A professional violinist has practiced precise finger movements for decades. Neuroscientists find that her finger representations in somatosensory and motor cortex are larger than those of non-musicians. What does this demonstrate?
AViolinists are born with more cortex dedicated to their fingers, which is why they excel at fine motor skills
BCortical maps are plastic — repeated use and precision practice can expand the cortical territory devoted to body parts used with high frequency
CPrimary cortex grows new neurons in response to practice, increasing its overall volume
DThe homunculus is simply different for musicians because their fingers have more peripheral nerve endings
This is a demonstration of cortical plasticity — the ability of cortical maps to reorganize based on experience. Cortical territory is not fixed at birth; areas used frequently and with high precision recruit more neurons and expand their representation over time. Studies of musicians, Braille readers, and taxi drivers all confirm this principle. Option 0 reverses the causation. Option 3 confuses peripheral receptor density (a fixed anatomical property) with central cortical organization (which is plastic).
Question 2 Multiple Choice
A patient has a stroke affecting primary somatosensory cortex (S1) over the right hand region. A second patient has damage to parietal association cortex. How would their deficits most likely differ?

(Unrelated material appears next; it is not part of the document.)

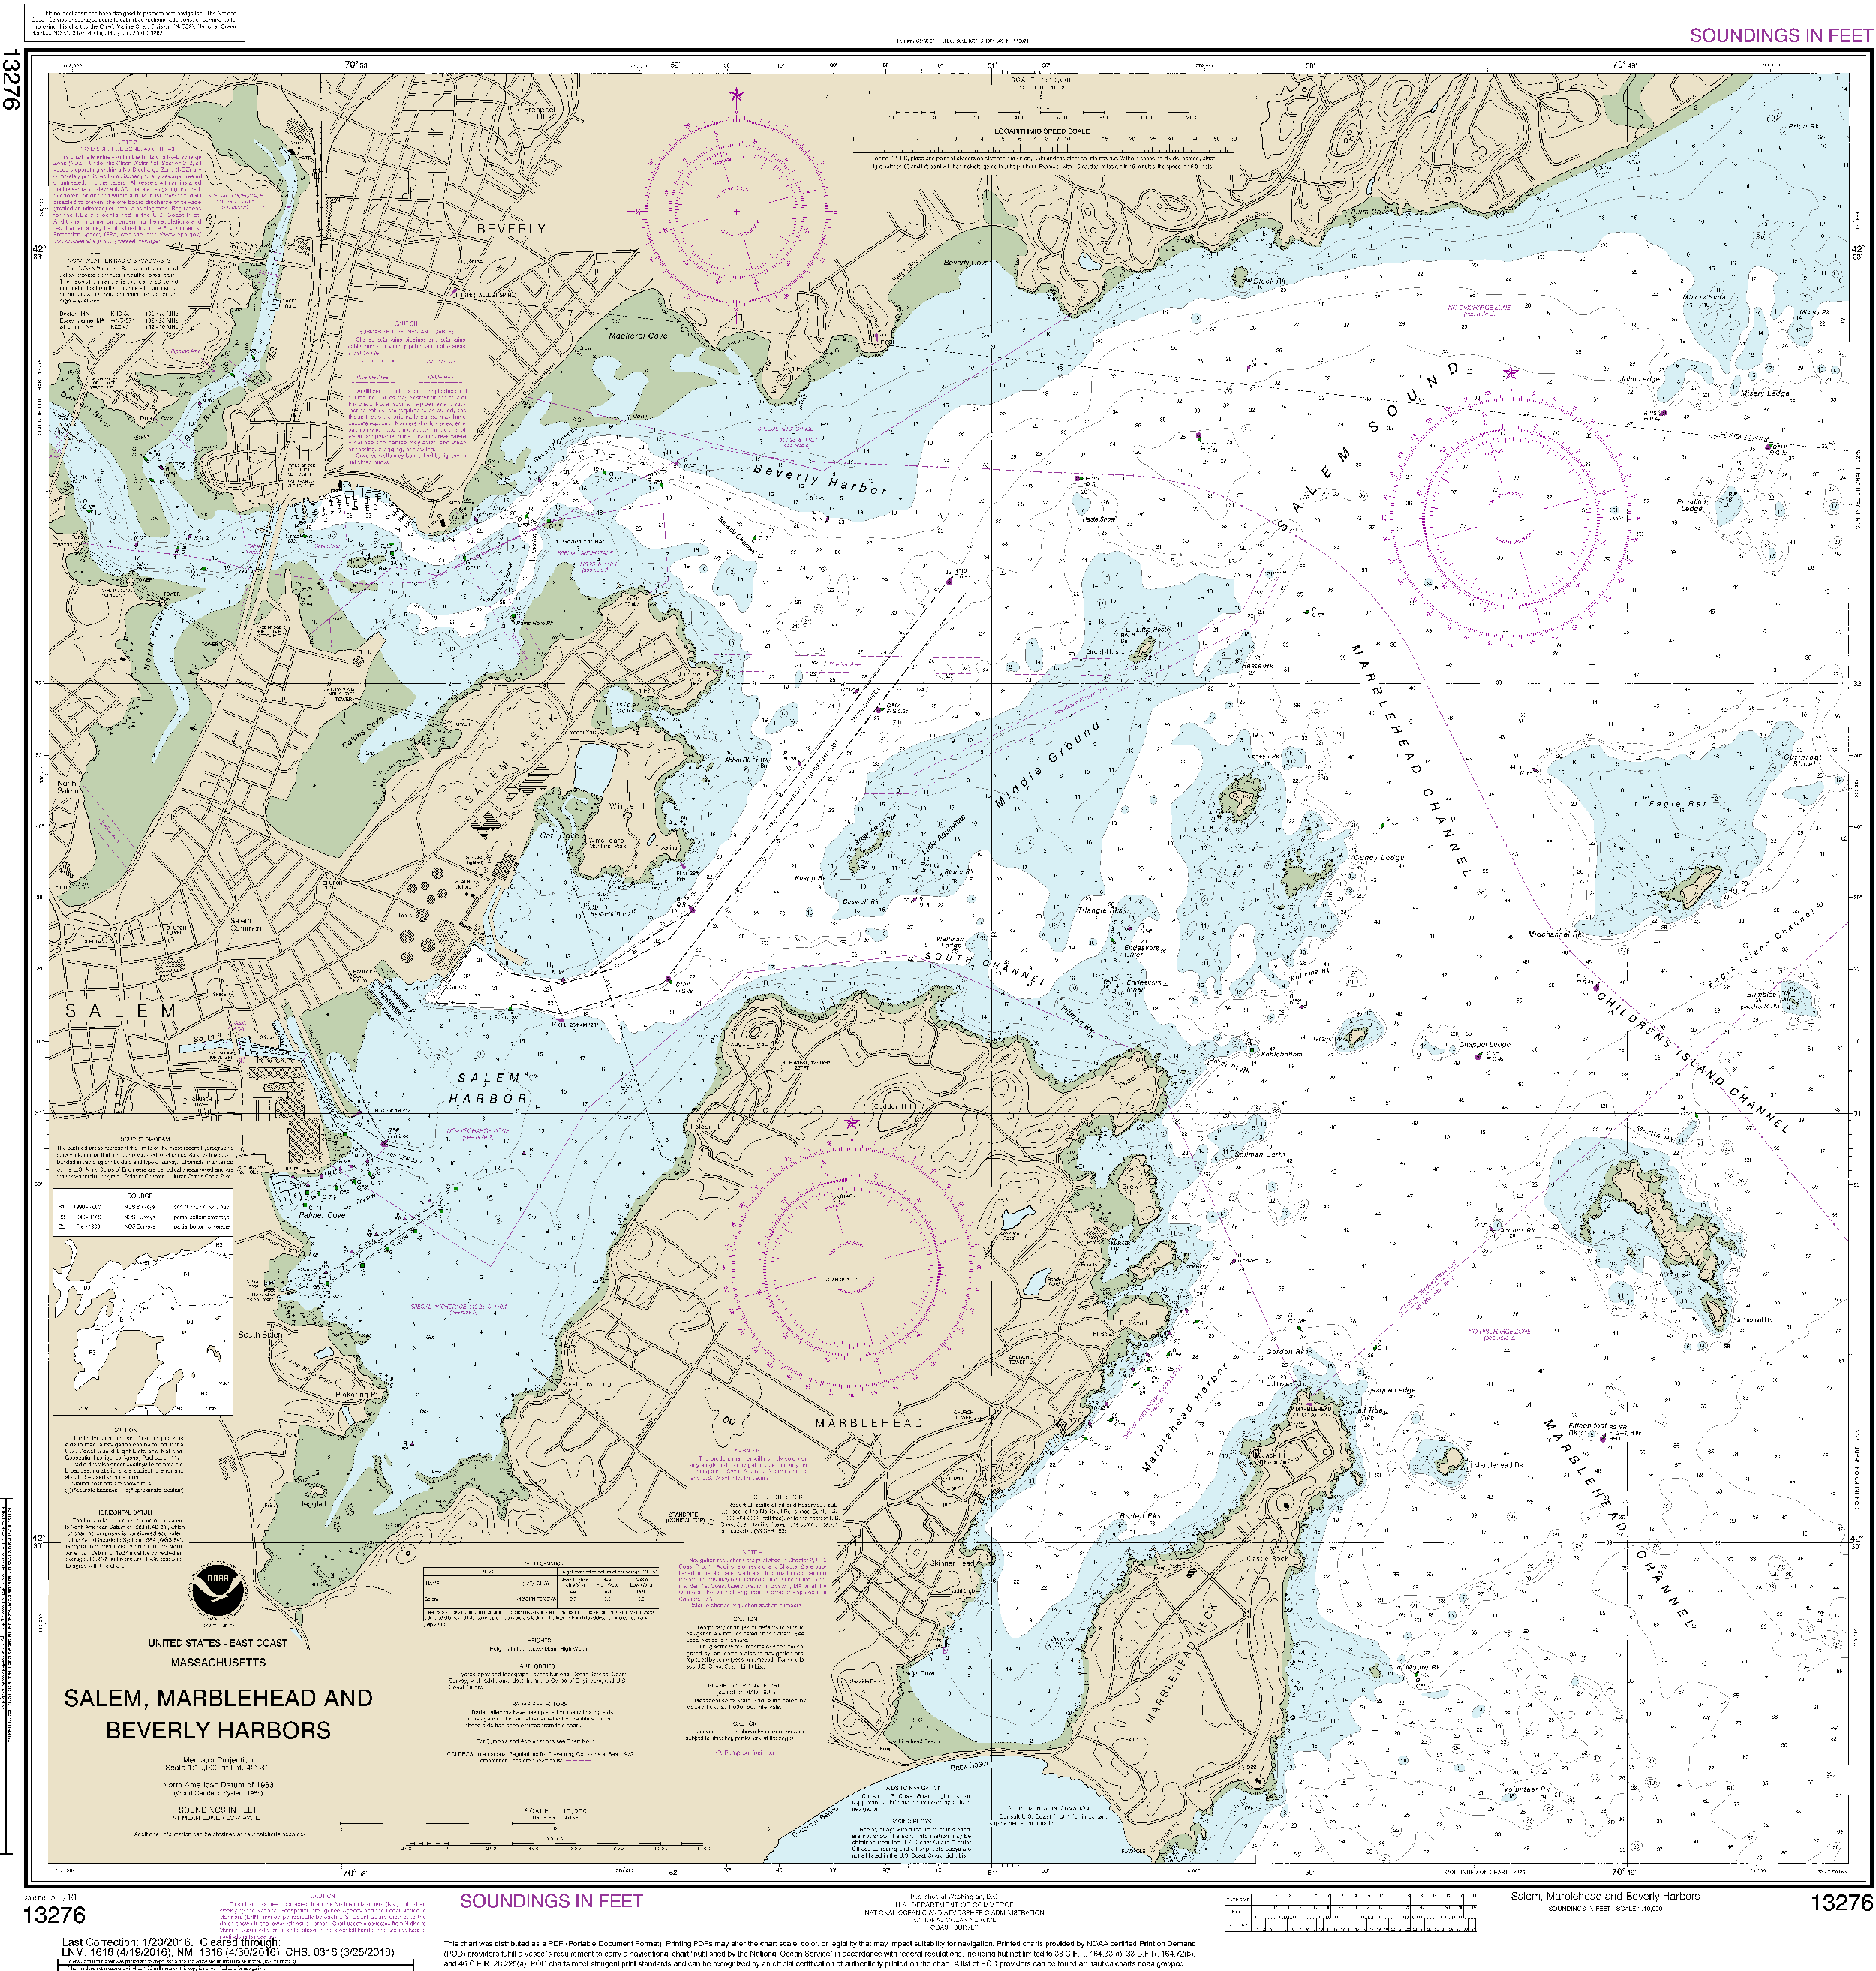 NOAA Nautical Chart 13276: Salem, Marblehead and Beverly Harbors

ABoth patients would have identical deficits because both regions process touch
BThe S1 patient loses raw tactile sensation from the right hand; the association cortex patient may feel touch but struggle to recognize objects by touch or integrate tactile with visual information
CThe association cortex patient would have more severe sensory loss because association areas are higher in the hierarchy
DThe S1 patient loses all sensation below the neck; the association cortex patient loses only fine discriminative touch
The cortical hierarchy predicts qualitatively different deficits at each level. Primary somatosensory cortex receives raw sensory data — damage here causes loss of sensation (hypoesthesia) in the corresponding body part. Association cortex extracts meaning from that data — damage can leave basic touch detection intact while impairing the ability to recognize objects by touch (tactile agnosia) or integrate touch with other senses. A patient who can feel that something is in their hand but cannot identify what it is has intact S1 but impaired somatosensory association cortex.
Question 3 True / False
In the somatosensory homunculus, the back and torso have larger cortical representations than the hands because the back is a larger body surface area.
TTrue
FFalse
Answer: False
The homunculus is famously distorted in the opposite direction: hands, lips, and tongue receive disproportionately large cortical representations despite being physically small, while the back and torso get comparatively little cortex despite being large body surfaces. Cortical territory tracks behavioral importance and receptor density, not body surface area. Fingertips have extremely high tactile receptor density and require fine motor control; the back needs neither.
Question 4 True / False
Damage to primary visual cortex (V1) produces a blind spot in the corresponding visual field, whereas damage to higher visual association areas can leave basic light detection intact while impairing object recognition or motion perception.
TTrue
FFalse
Answer: True
This is a direct consequence of the cortical hierarchy. V1 is the entry point for visual cortical processing — damage here eliminates processing for that region of visual space, producing a scotoma. Higher visual areas build on V1 output: damage to the ventral stream impairs object recognition (visual agnosia) while leaving motion detection intact; damage to the dorsal stream impairs spatial and motion processing while leaving object identity relatively intact. Qualitatively different deficit types reveal which level of the hierarchy is damaged.
Question 5 Short Answer
What does the distorted shape of the cortical homunculus reveal about the principle governing cortical map organization, and why is this allocation functionally beneficial?
Think about your answer, then reveal below.
Model answer: The homunculus reveals that cortical territory is allocated according to behavioral importance and sensory receptor density — not according to the physical size of body parts. Body parts requiring fine motor control or high-resolution sensation (hands, lips, tongue) command disproportionately more cortical space. This allocation is functionally optimal: more cortex means more computational resources devoted to tasks where precision matters. The back needs little spatial resolution; the fingertips must discriminate texture, shape, and position at millimeter scales.
The same principle applies across species in ways that reveal evolutionary priorities: rats have enormous cortical maps for whiskers; star-nosed moles devote vast cortex to their sensory stars; raccoons have unusually large paw representations. Cortical real estate is not distributed by anatomy but by what the organism actually needs to do — a concrete example of structure following function at the neural level, and one reason cortical maps are a window into an animal's behavioral ecology.